Im Ländervergleich zeigt sich ein deutliches Nord-Süd-Gefälle sowie ein Gefälle zwischen Flächenländern und Stadtstaaten. Niedersachsen nimmt mit einer Quote von 39,4 % den Spitzenplatz ein, dicht gefolgt von Nordrhein-Westfalen (34,1 %) und Bayern (33,7 %). Das Schlusslicht bildet Berlin, wo lediglich 15,1 % der Bevölkerung ein E-Bike besitzen.
Motivation und Erwerbsmodelle
Die Gründe für die Anschaffung eines E-Bikes sind vielfältig, wobei ökologische und praktische Erwägungen eine zentrale Rolle spielen.

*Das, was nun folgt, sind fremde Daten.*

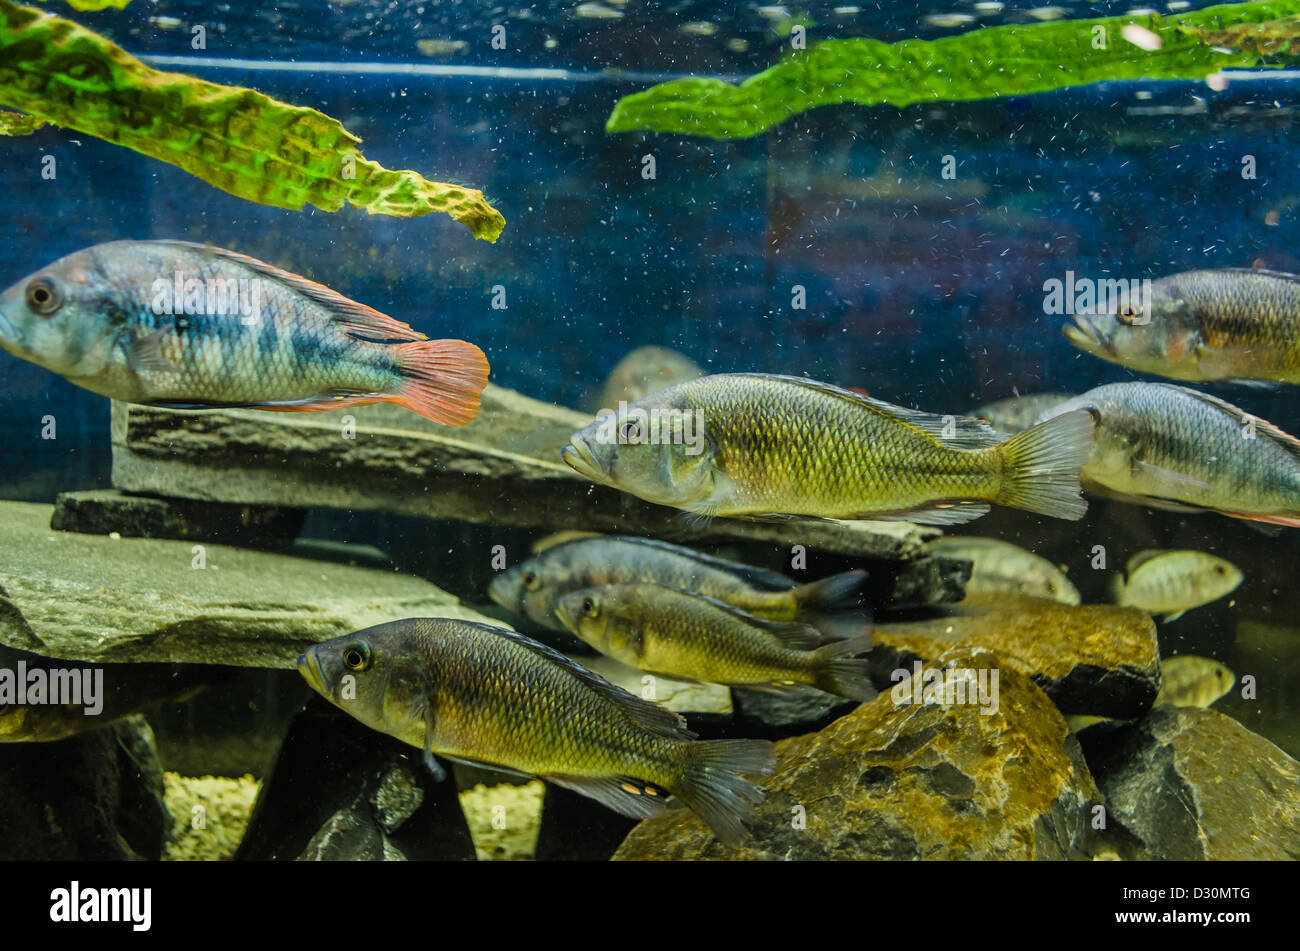 Aquarium with colorful pet fish at \

Laut der Studie nutzen 40,4 % der Befragten ihr E-Bike als Alternative zum Automobil. Eon-Chef Filip Thon hob in diesem Zusammenhang hervor, dass das E-Bike eine ernstzunehmende Option für die individuelle Mobilitätswende darstelle.
Hinsichtlich der Anschaffungswege dominiert weiterhin der klassische Eigenkauf. Etwa 81,3 % der genutzten E-Bikes wurden privat erworben. Das Modell des Dienstrad-Leasings gewinnt jedoch an Bedeutung: Rund 11 % der Befragten gaben an, dass ihr Fahrzeug vom Arbeitgeber bereitgestellt wurde.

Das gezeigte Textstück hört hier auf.